Thanks for taking the time to respond to my comment. We are using the "Auto wire up" approach. I do in fact see the redirect appearing in the admin UI (with the wildcard flag set to true, as is the default in the package code logic).

Apparently the problem is on our end then, seeing as you cannot reproduce it. I'll take another look at how we've implemented the RedirectKeeper and RedirectService classes to see if we may have broken something somewhere.
Tomas Hensrud Gulla - Apr 08, 2021 9:24
Please let me know if you figure it out, no matter where the problem is :-)
WilliamP - Apr 19, 2021 9:40
Hi Tomas,

We just revisited this and it turns out the issue with child pages no longer being able to be reached (on the new parent URLSegment) after their parent changing its URLSegment had to do with browser cache for multiple redirects which were the result of changing the URLSegment multiple times.

However, there is still an issue with visiting child pages with the old URLSegment of their parent resulting in redirects to the parent (with new URLSegment). Is this something that you are able to reproduce?

To elaborate, I mean this:

1. Change /global/solutions/tent-systems/ to /global/solutions/tent-systems-changed/
2. Visiting /global/solutions/tent-systems/ now redirects to /global/solutions/tent-systems-changed/
3. Visiting /global/solutions/tent-systems-changed/a-child-page/ works.
4. Visiting /global/solutions/tent-systems/a-child-page redirects to /global/solutions/tent-systems-changed/.

The issue is 4), as if external links point to any of the potentially hundred pages underneath /global/solutions/tent-systems/ (the old URLSegment), all those child URLs will result in a redirect to the new URLSegment of the parent (tent-systems-changed).

If this is just how it works, I feel the quickest solution would be to add a recursive check for child redirects but that feels a bit much honestly.
Tomas Hensrud Gulla - Apr 19, 2021 9:43
Yes, the redirect to parent is because of the wildcard redirect.

To fix the issue, you must:
- not add wildcard redirect
- add redirect for all descendants
Vote:
 

Thomas,
is this module available to editors or is it something you can restrict access to? 

I forgot to mention that client wants to change URL segment to match the page name within the ContentPublishing event. That entails following problem: editors who do not have access to admin or in this case redirect manager would need to notify admin of that change implying that admin now gets up to 200 requests per day to maintain 'broken' URLs.

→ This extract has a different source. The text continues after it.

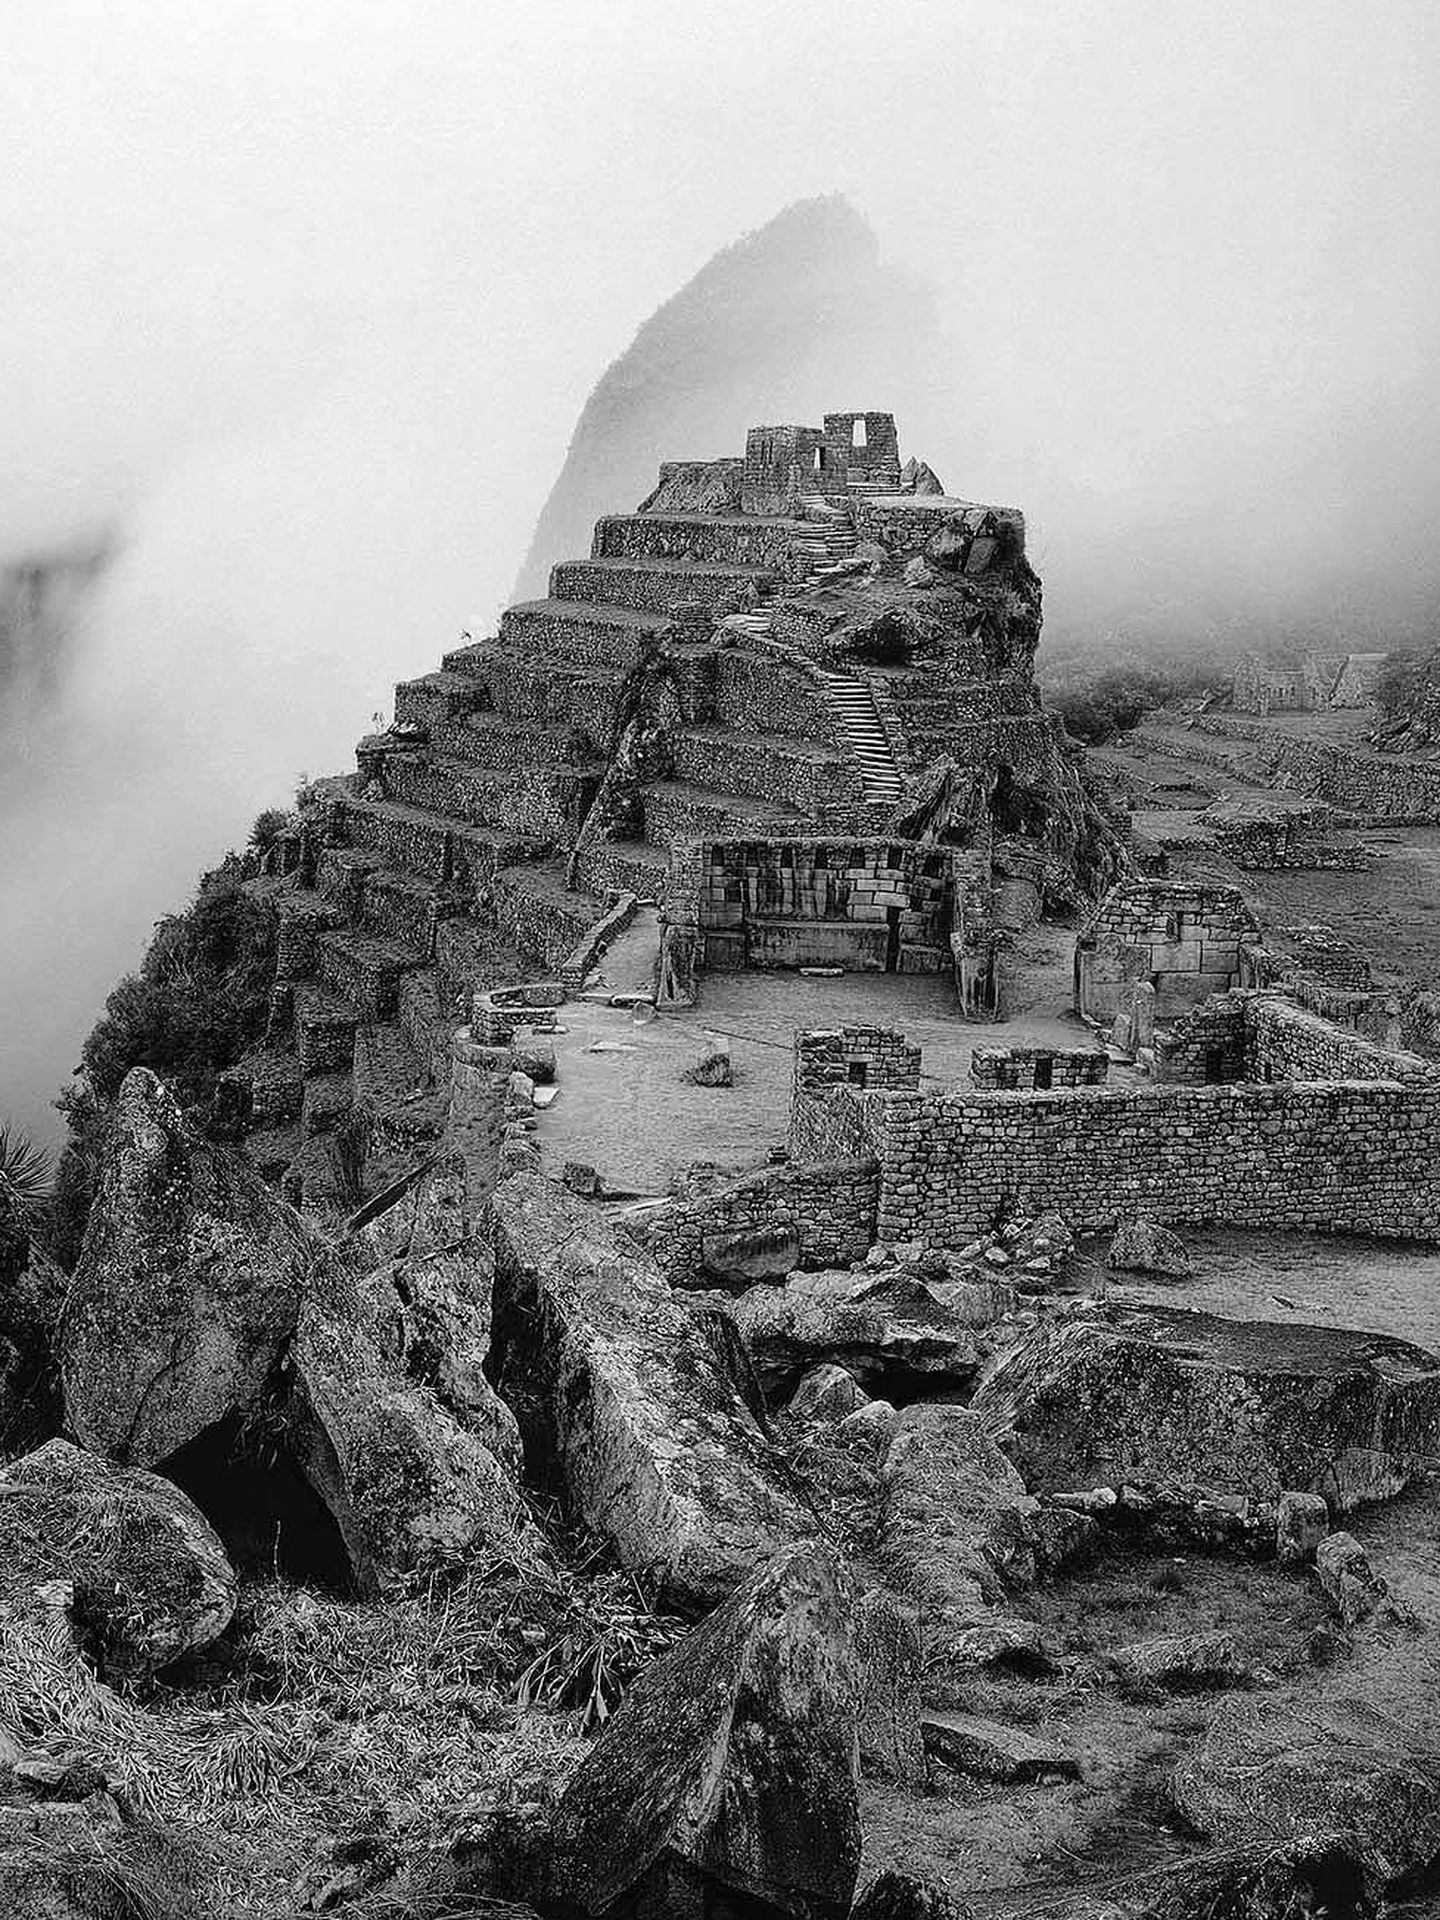 (((ACOMPAÑA CRÓNICA PERÚ-MACHU PICCHU ))) LIM04. LIMA (PERÚ), 26/06/2011.- Fotografía de Linda Connor (New York, 1944), Machu Picchu Perú, 1984, cedida por el Instituto Cultural Peruano Norteamericano (ICPNA), que forma parte de la exposición fotográfica 'Visiones de Machu Picchu' que se presenta en el ICPNA en Lima hasta el 14 de agosto. Aunque el norteamericano Hiram Bingham se ha llevado la gloria mundial por haber 'descubierto' la ciudadela inca de Machu Picchu, todas las evidencias históricas apuntan a que este famoso sitio arqueológico nunca estuvo perdido. EFE/Instituto Cultural Peruano Norteamericano (ICPNA)/SOLO USO EDITORIAL

I believe that having a content ref in url (either as an trailing param or as leading param before the acctual page name) would solve this demand.

#245628
Dec 16, 2020 12:50
Vote:
 

You could control access to the module GUI. Redirects can be added automatically when the URLsegments changes, you do not need to add redirects manuallu.

You can of course also solve this by adding the content id to the url. I have seen it done successfully.